- The Washington Times - Thursday, July 31, 2008



Yesterday, we observed the anniversary of one the most consequential pieces of legislation in our nation’s history. It was 43 years ago that President Johnson, supported by members of both parties, signed the Social Security Amendments Act of 1965, creating our Medicare program and ensuring health care coverage for all seniors. Today, both parties stand together again, bound by the idea that we require a fundamental health care overhaul to ensure every American has access to quality, affordable care. What is troubling, however, is that many in Washington see Medicare as the blueprint for this reform.

As a physician, it is clear to me that Medicare is incapable of providing quality care for every American and must not be the model for national health-care reform. Its flawed structure increasingly fails our seniors on all counts - responsiveness, innovation, access, cost and quality. We should focus on patient-centered improvements, not broad expansion of a broken system.

Medicare was surely created with the greatest of intentions.
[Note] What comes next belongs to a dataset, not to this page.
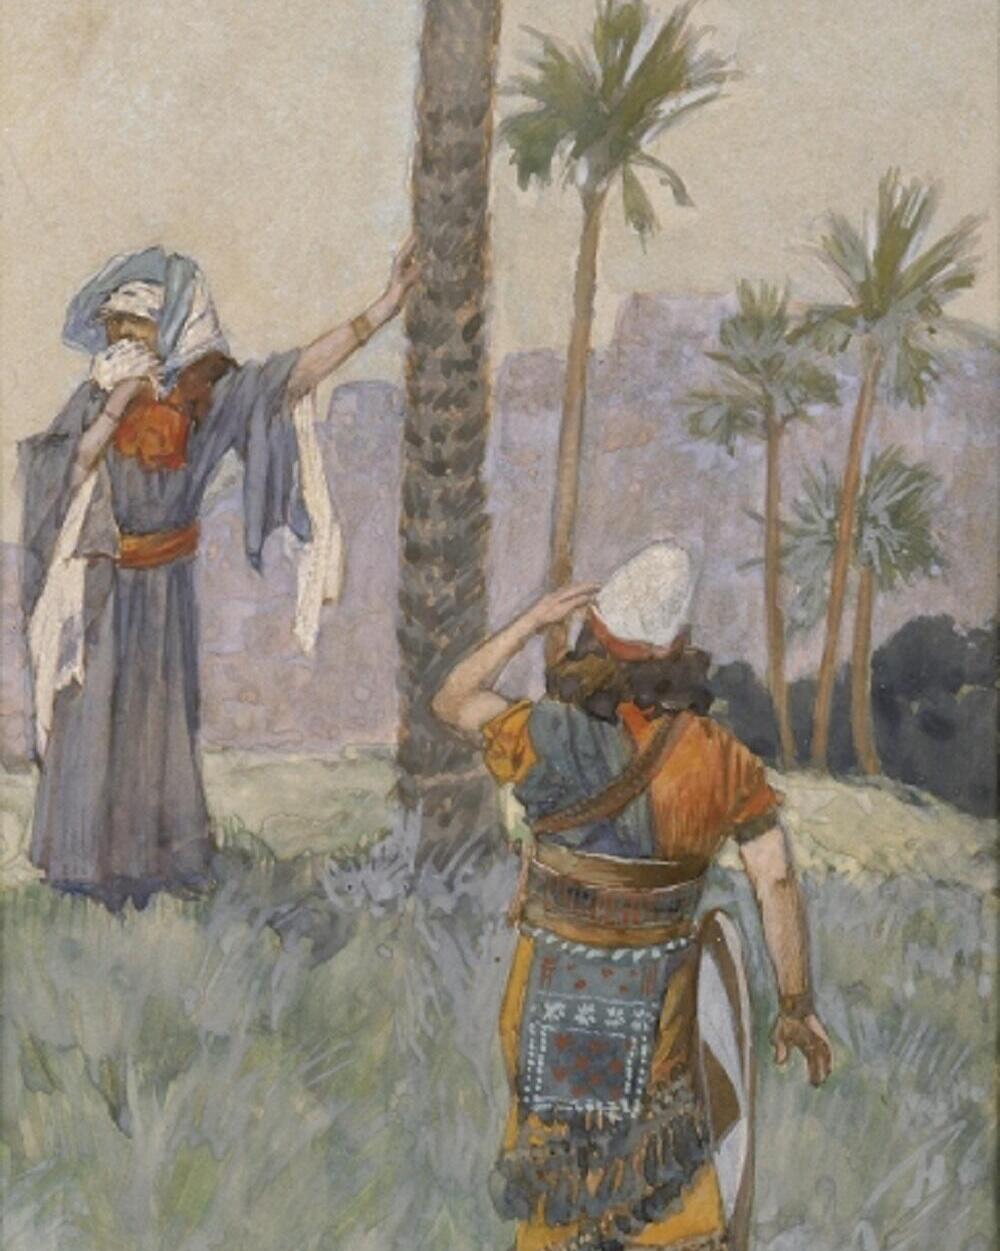 איור המתאר את דבורה הנביאה בעודה עומדת תחת עצי דקל

In fact, the 1965 Medicare law proudly proclaimed: “Nothing in this title shall be construed to authorize any Federal officer or employee to exercise any supervision or control over the practice of medicine or the manner in which medical services are provided.” Yet, having personally navigated the federal health-care system for close to 25 years, I can attest that perhaps nothing has had a more negative impact on the “manner in which medical services are provided” than our Medicare system. Inflexible regulations, one-size-fits-all policies and a flawed cost-containment structure serve only to limit quality and access to patient care.

Viewing care in terms of dollars instead of patients, Medicare dictates to beneficiaries which doctors they may see and how frequently. Doctors, in turn, are told which procedures or tests they may - or often may not - provide. These onerous regulations and coverage rules have led to an erosion of the once-sacrosanct doctor-patient relationship. Health-care decisions, some of our most personal, are often made in Washington’s concrete edifices rather than doctor’s offices.
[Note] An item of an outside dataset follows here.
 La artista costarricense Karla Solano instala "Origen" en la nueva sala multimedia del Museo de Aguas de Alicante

Since all patients are viewed the same, Medicare coverage is not tailored to individual needs, and costs cannot be contained. When Medicare was created in 1965, the long-term budget estimate for 1990 (the furthest year predicted) was roughly $9 billion. This year, we will spend more than $450 billion on the entire program, more than 12 percent of all federal revenue, with that share of the budget expected to double in the next 15 years.

These surging costs lead only to greater rationing of care, increased restrictions on care and decreased access to doctors. The constant battle between physicians and the government over permissible procedures and reimbursement rates have led many medical institutions, including some the nation’s most respected, to limit the number of Medicare patients they are able to treat. A system that discourages access to care for those it proclaims to help is one that is terribly broken.

Quite simply, Medicare fails to put patients first. It is not responsive, accountable, innovative or flexible to the needs of those most intimately affected by health-care decisions - patients. Yet amazingly, many in Washington proclaim all our health-care problems would be resolved if only more Americans were enrolled in Medicare -a tragic misdiagnosis.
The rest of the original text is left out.